* _Requirement_: Type out the lines below exactly, pictures excluded.

++++ Source data

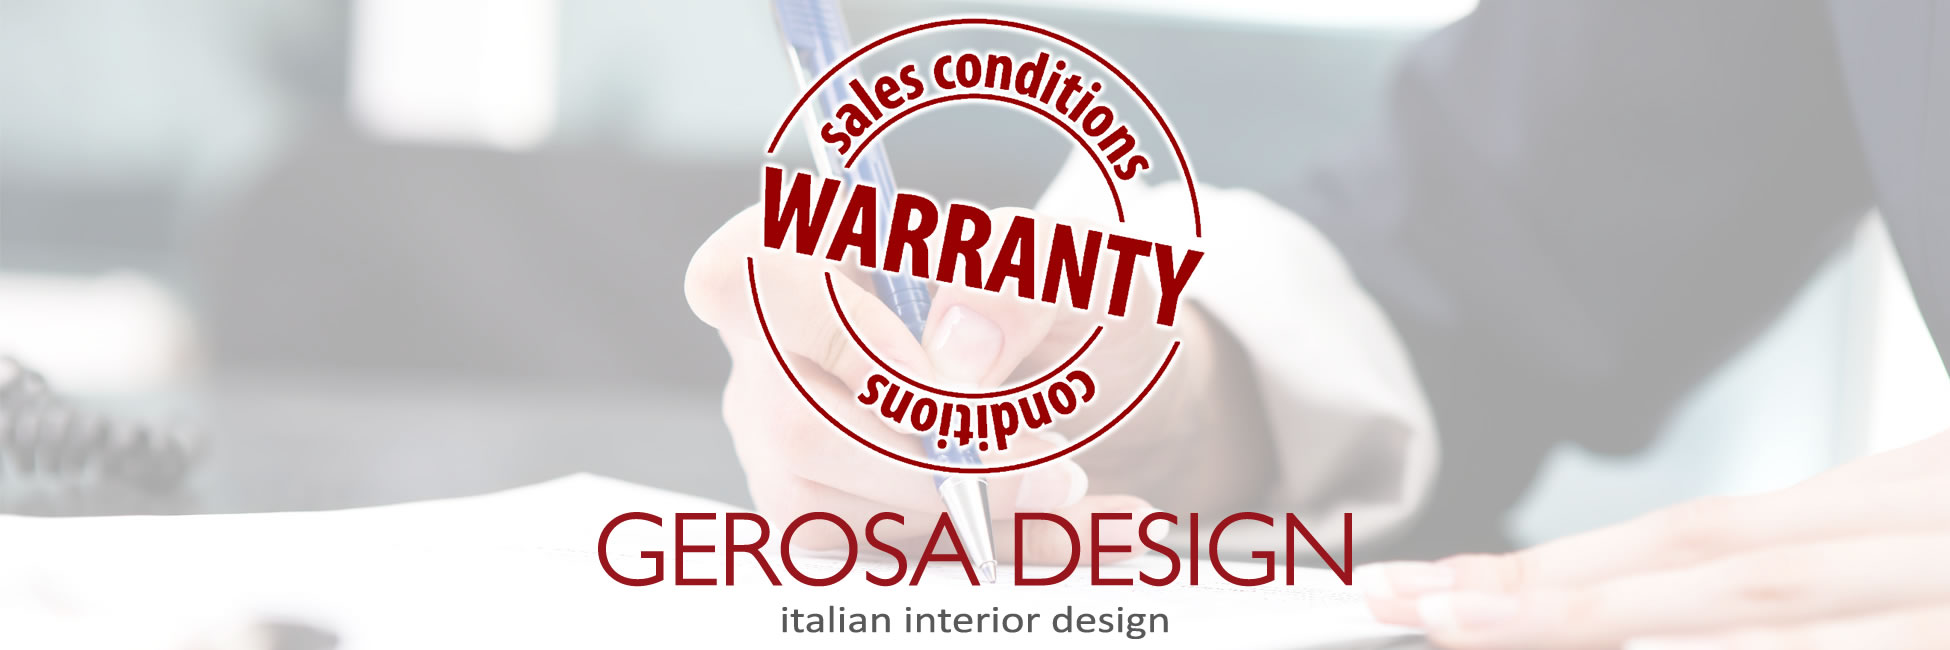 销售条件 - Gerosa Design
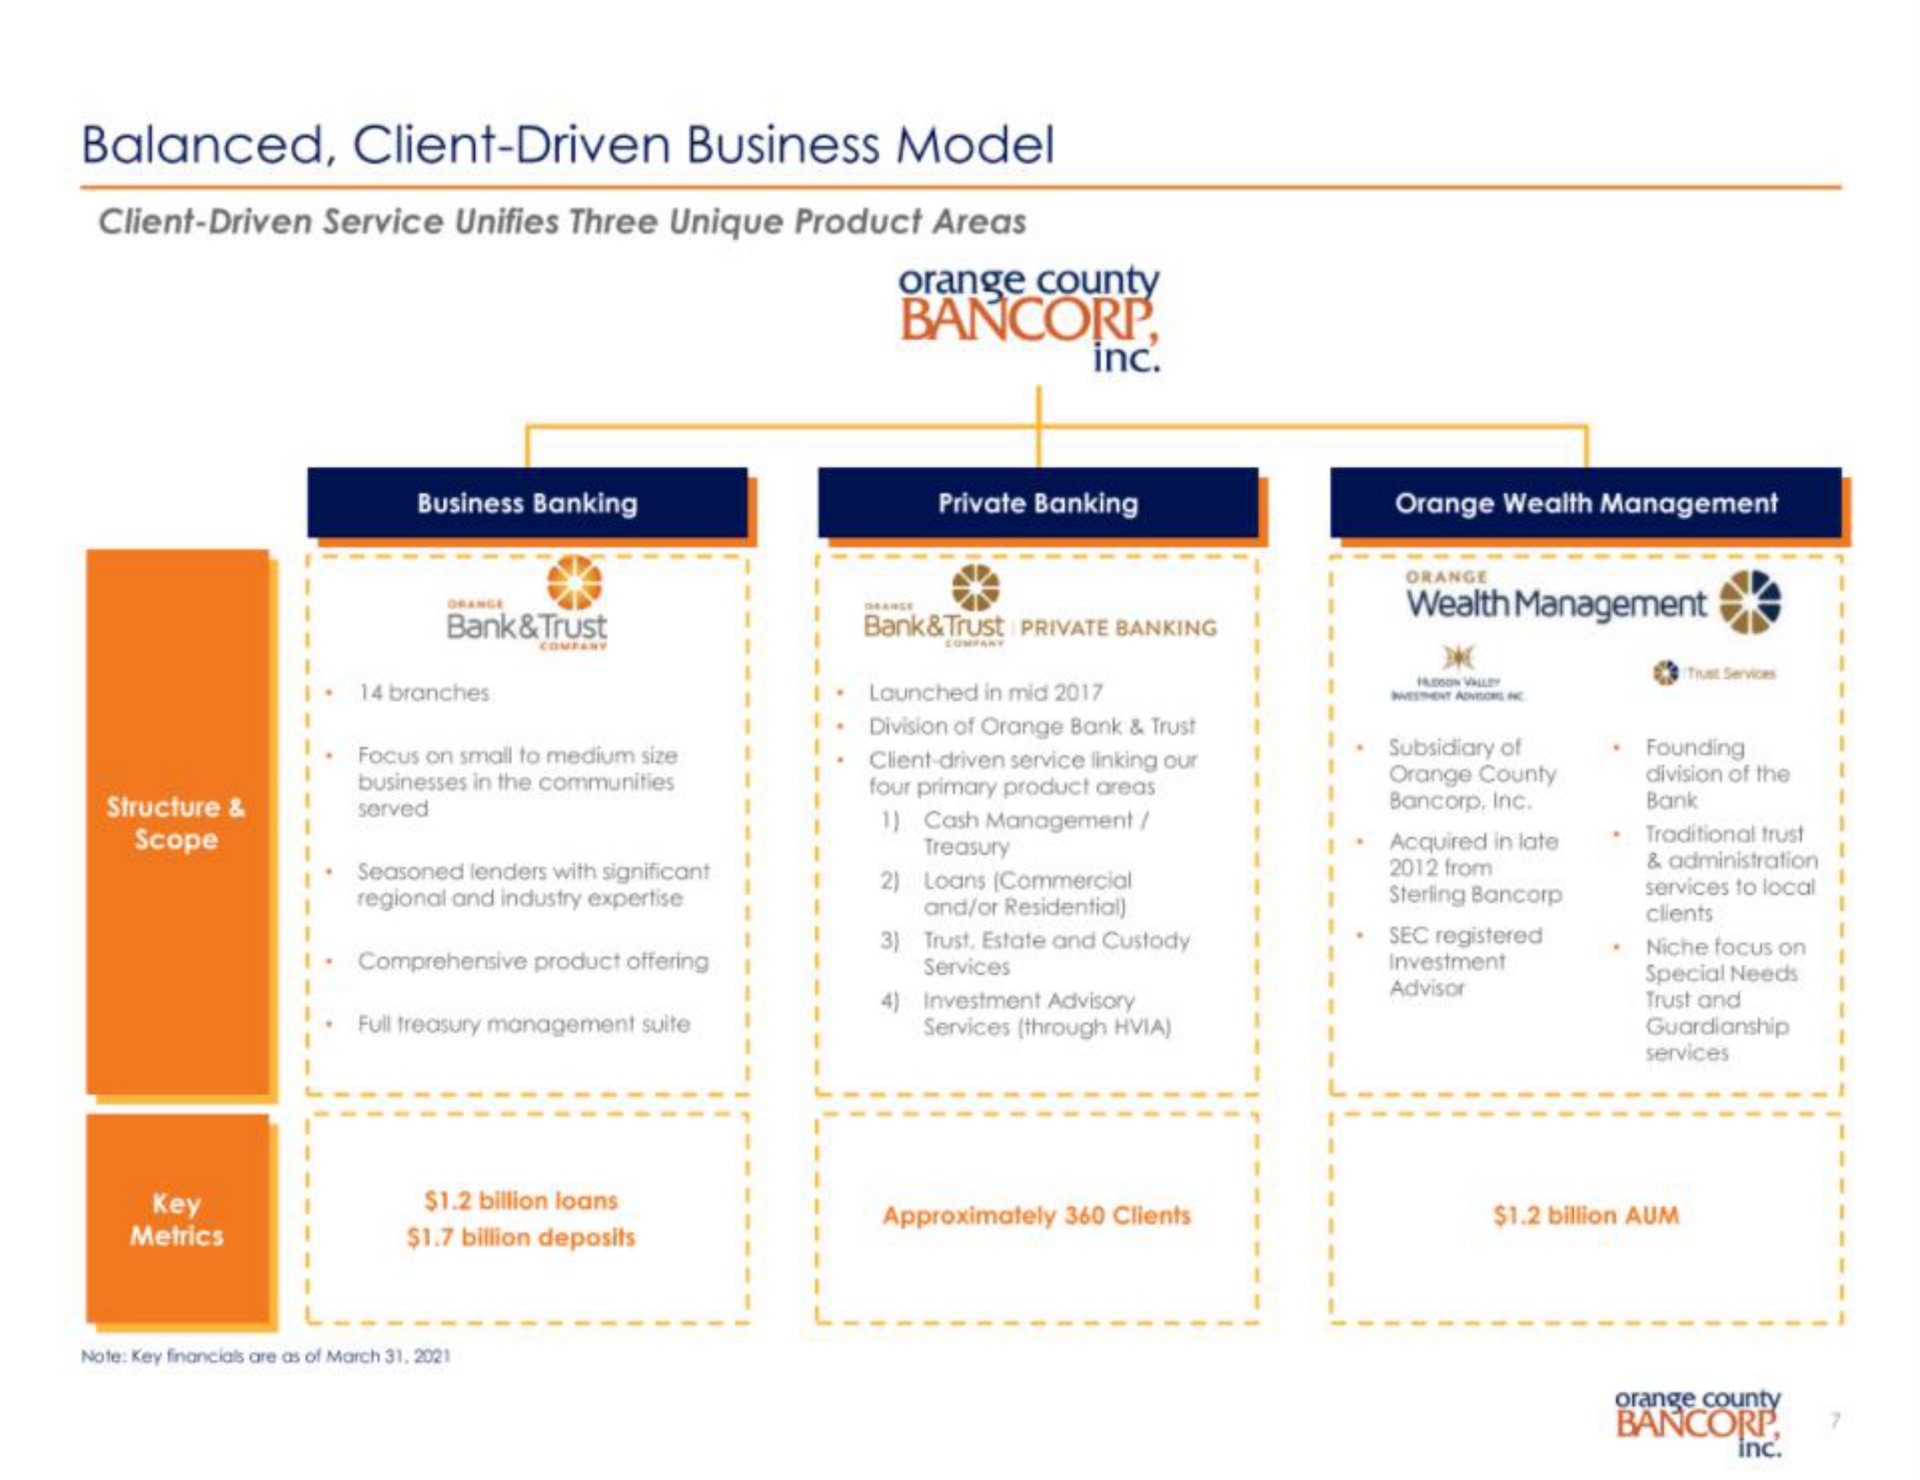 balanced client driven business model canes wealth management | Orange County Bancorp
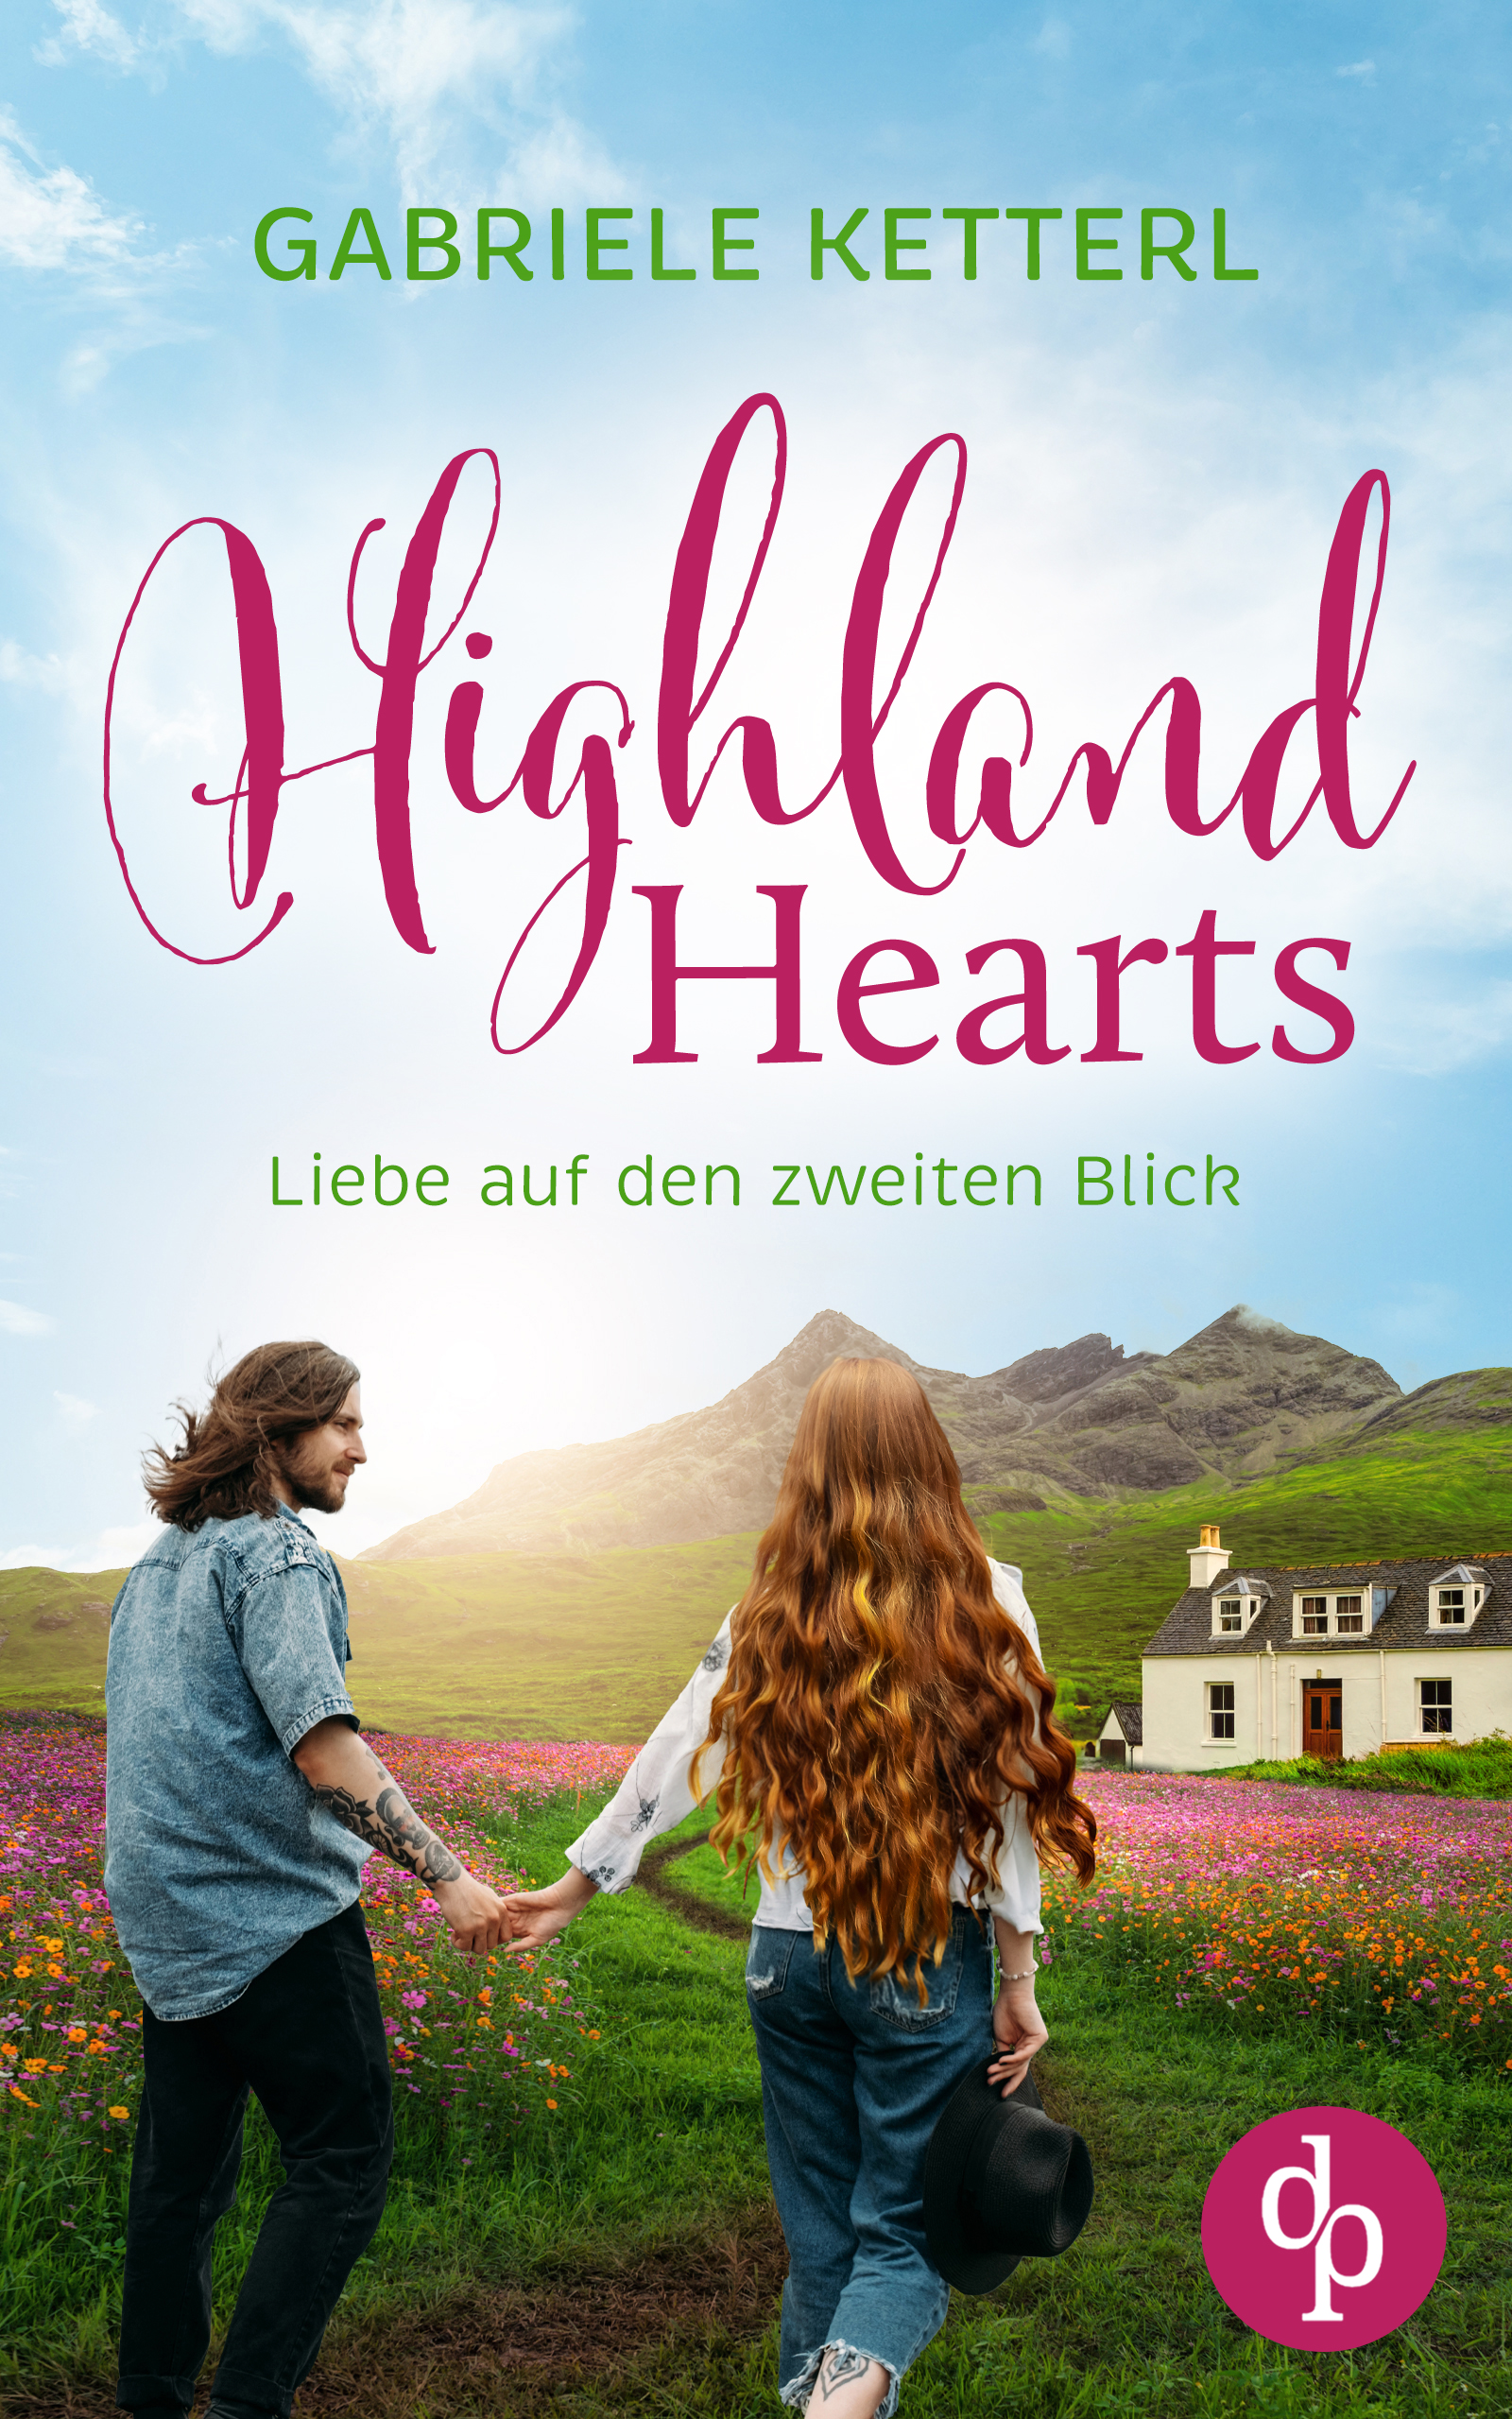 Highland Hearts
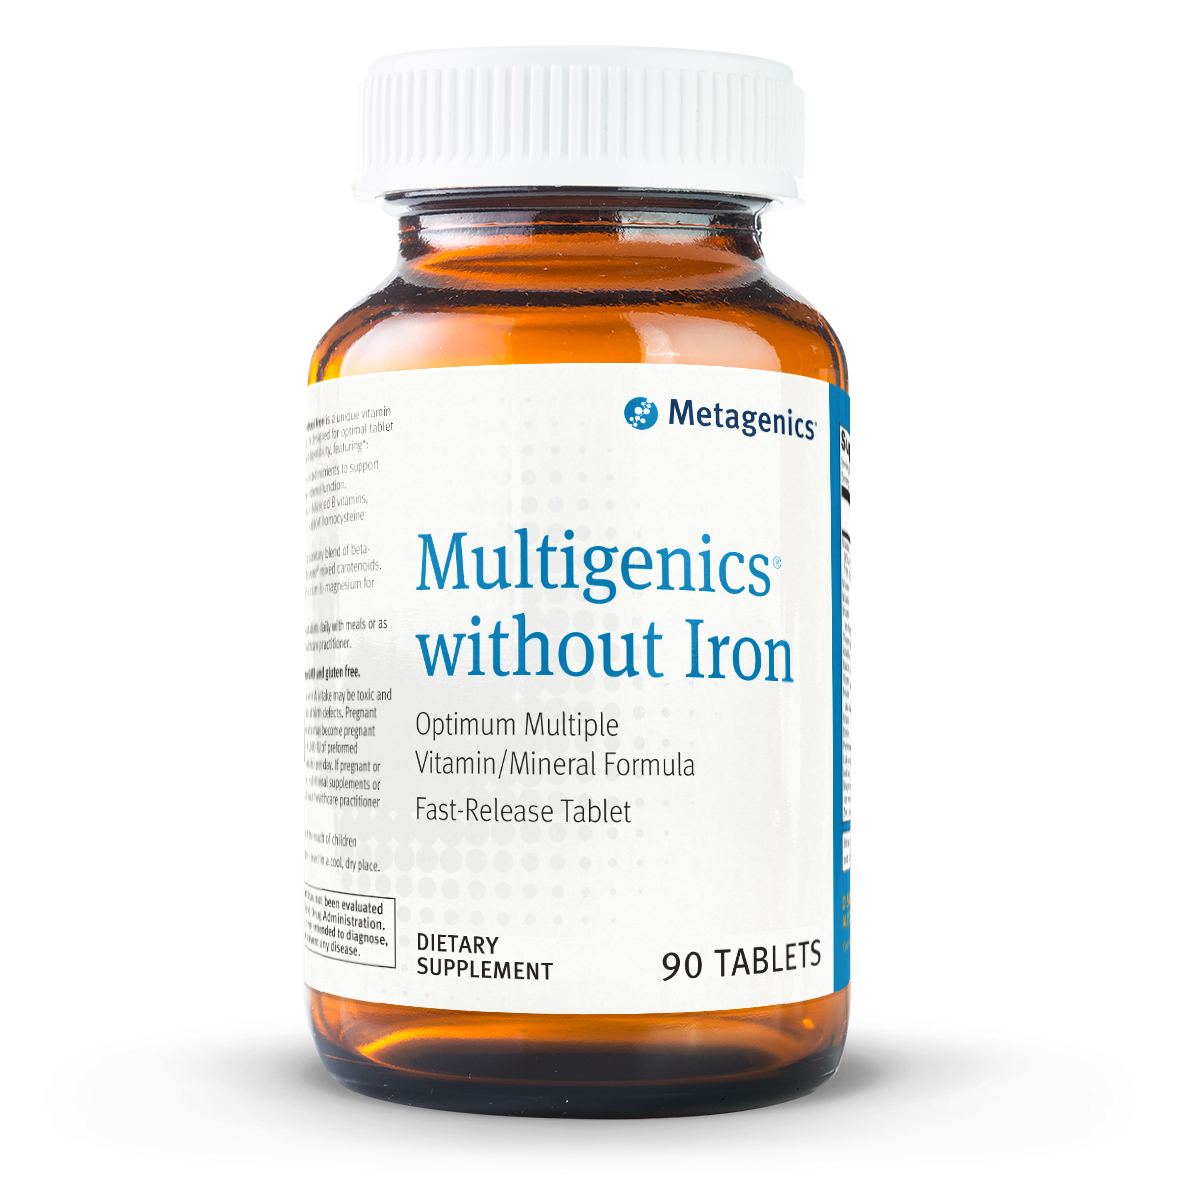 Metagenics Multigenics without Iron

++++++++

* _Result_:
 销售条件 - Gerosa Design
 balanced client driven business model canes wealth management | Orange County Bancorp
 Highland Hearts
 Metagenics Multigenics without Iron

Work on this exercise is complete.